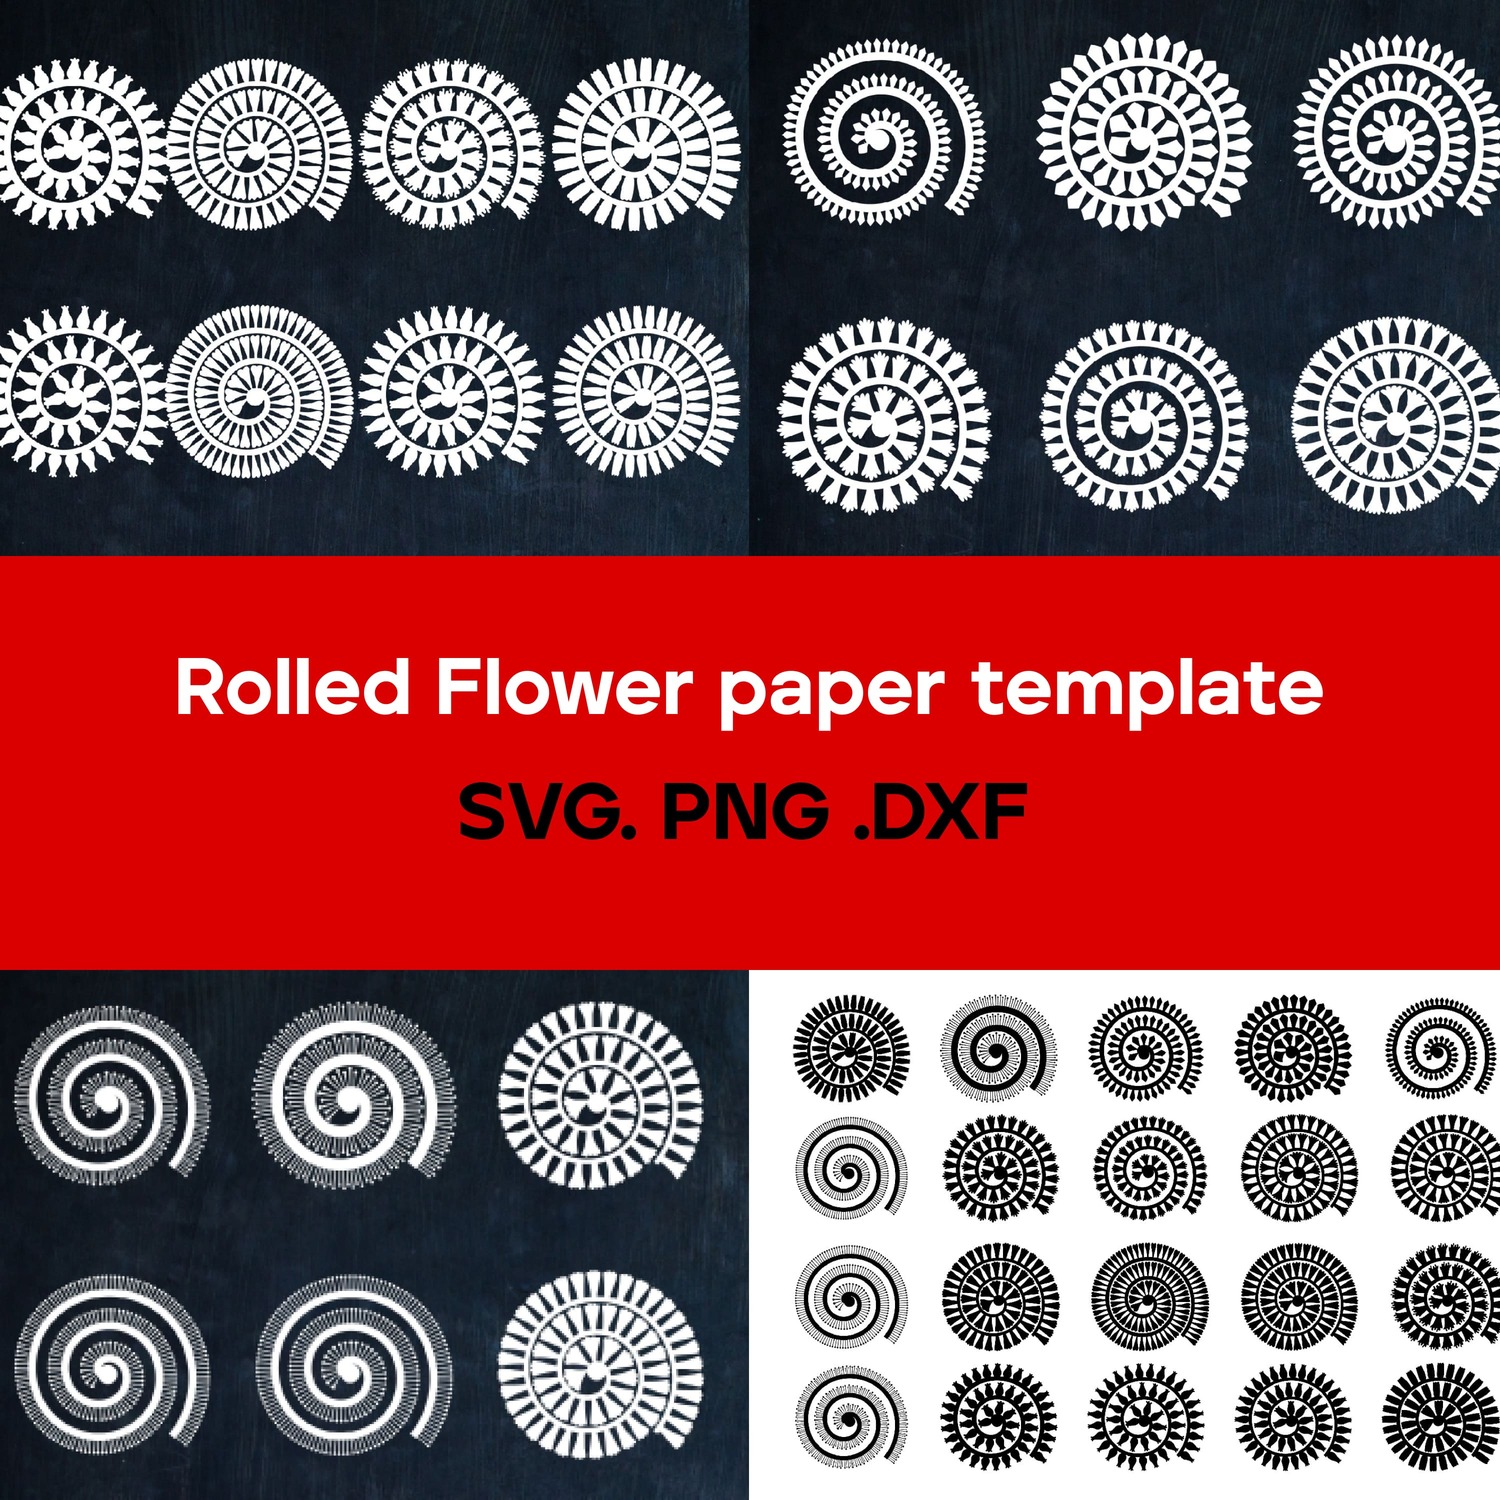 Rolled Flower paper template SVG. main cover.
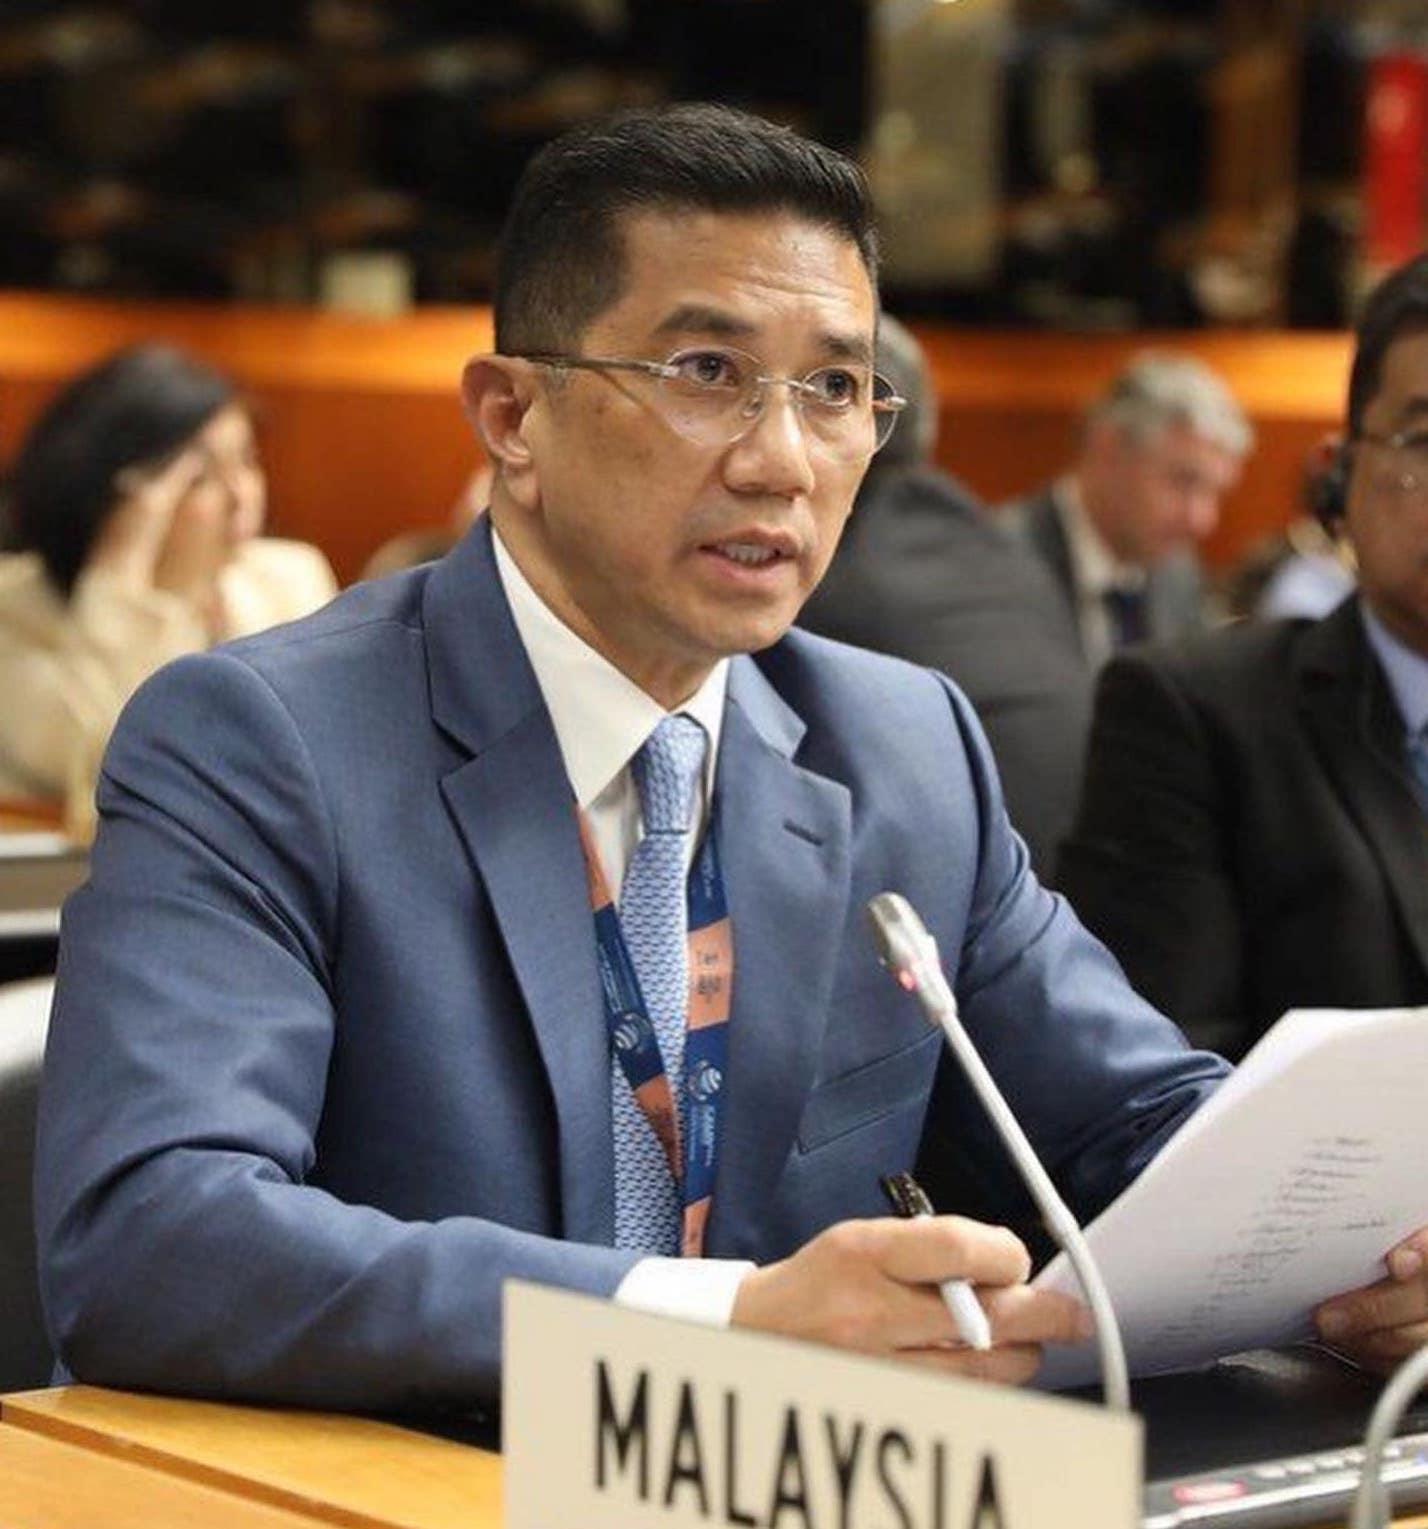 International Trade and Industry Minister Mohamed Azmin Ali at the 12th ministerial conference of the World Trade Organization in Geneva, Switzerland yesterday. Photo: Facebook
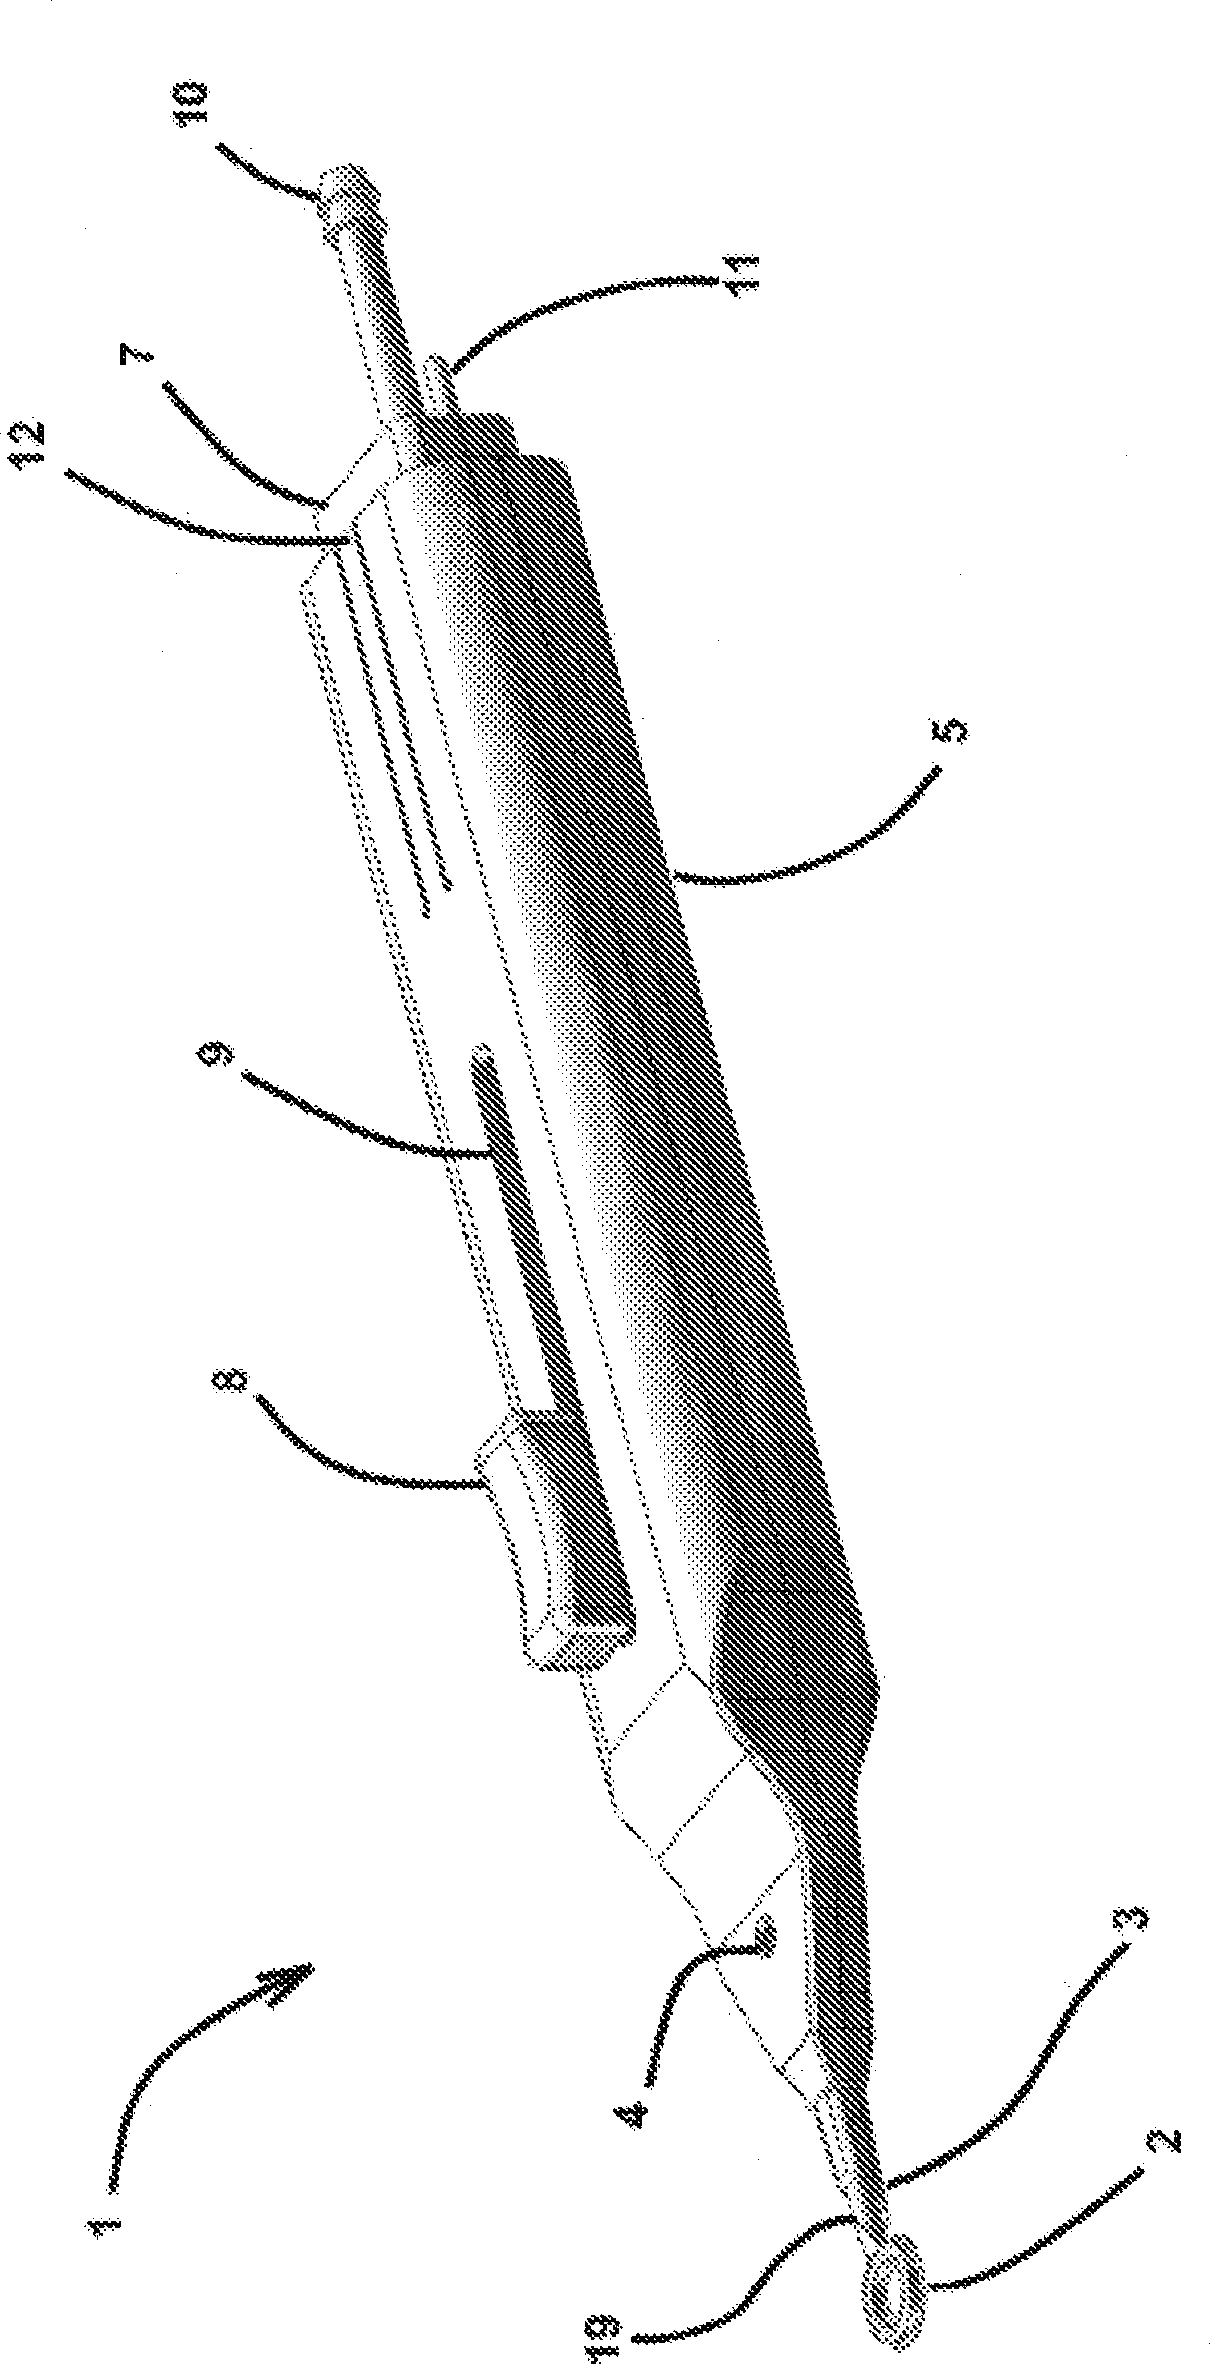 Ophthalmic surgical device for accessing tissue and for performing a capsulotomy

• ASSIGNED TASK
Transcribe the listing above in full. Pictures are not part of the copy.

• SOLUTION TO THE PROBLEM
 Rolled Flower paper template SVG. main cover.
 International Trade and Industry Minister Mohamed Azmin Ali at the 12th ministerial conference of the World Trade Organization in Geneva, Switzerland yesterday. Photo: Facebook
 Ophthalmic surgical device for accessing tissue and for performing a capsulotomy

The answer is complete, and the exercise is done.